● Exercise prompt
Retype, word for word, each line between the lines holding "Blick auf den Hafen in Antalya" and "und Paar) Extra", inclusive, and leave the rest of the data alone.

Extracted material: Begin

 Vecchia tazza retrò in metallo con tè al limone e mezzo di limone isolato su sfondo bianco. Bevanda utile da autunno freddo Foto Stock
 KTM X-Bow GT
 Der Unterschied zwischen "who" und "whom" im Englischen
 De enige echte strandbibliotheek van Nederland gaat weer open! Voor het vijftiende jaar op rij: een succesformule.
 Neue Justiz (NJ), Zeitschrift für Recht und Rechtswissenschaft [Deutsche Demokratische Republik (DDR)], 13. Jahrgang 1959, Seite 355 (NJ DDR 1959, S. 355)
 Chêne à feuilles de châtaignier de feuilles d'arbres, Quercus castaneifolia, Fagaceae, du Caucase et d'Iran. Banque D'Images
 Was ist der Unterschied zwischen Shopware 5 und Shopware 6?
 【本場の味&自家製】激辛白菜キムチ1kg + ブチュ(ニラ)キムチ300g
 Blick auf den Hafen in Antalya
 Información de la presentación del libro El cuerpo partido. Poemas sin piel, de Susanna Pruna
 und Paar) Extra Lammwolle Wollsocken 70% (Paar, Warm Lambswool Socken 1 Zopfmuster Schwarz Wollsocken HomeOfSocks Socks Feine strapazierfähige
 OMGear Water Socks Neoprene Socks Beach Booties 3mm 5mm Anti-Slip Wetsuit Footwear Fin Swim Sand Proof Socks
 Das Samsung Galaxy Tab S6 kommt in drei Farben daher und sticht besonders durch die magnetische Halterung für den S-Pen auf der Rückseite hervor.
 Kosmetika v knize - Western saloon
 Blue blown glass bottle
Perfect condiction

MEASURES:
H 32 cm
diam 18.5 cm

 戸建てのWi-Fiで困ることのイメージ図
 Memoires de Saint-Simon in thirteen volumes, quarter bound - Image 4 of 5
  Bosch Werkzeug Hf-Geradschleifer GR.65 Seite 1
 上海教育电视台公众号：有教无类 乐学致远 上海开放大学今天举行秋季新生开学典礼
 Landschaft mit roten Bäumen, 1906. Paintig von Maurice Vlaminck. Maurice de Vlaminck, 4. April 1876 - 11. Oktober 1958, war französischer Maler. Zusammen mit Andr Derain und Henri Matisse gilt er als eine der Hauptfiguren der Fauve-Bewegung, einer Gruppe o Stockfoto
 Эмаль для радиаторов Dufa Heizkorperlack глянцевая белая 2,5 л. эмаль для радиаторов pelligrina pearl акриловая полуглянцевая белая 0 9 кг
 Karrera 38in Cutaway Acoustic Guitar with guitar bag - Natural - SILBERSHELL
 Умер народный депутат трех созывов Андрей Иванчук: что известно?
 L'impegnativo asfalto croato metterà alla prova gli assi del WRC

Extracted material: End

● Expected output
 Blick auf den Hafen in Antalya
 Información de la presentación del libro El cuerpo partido. Poemas sin piel, de Susanna Pruna
 und Paar) Extra Lammwolle Wollsocken 70% (Paar, Warm Lambswool Socken 1 Zopfmuster Schwarz Wollsocken HomeOfSocks Socks Feine strapazierfähige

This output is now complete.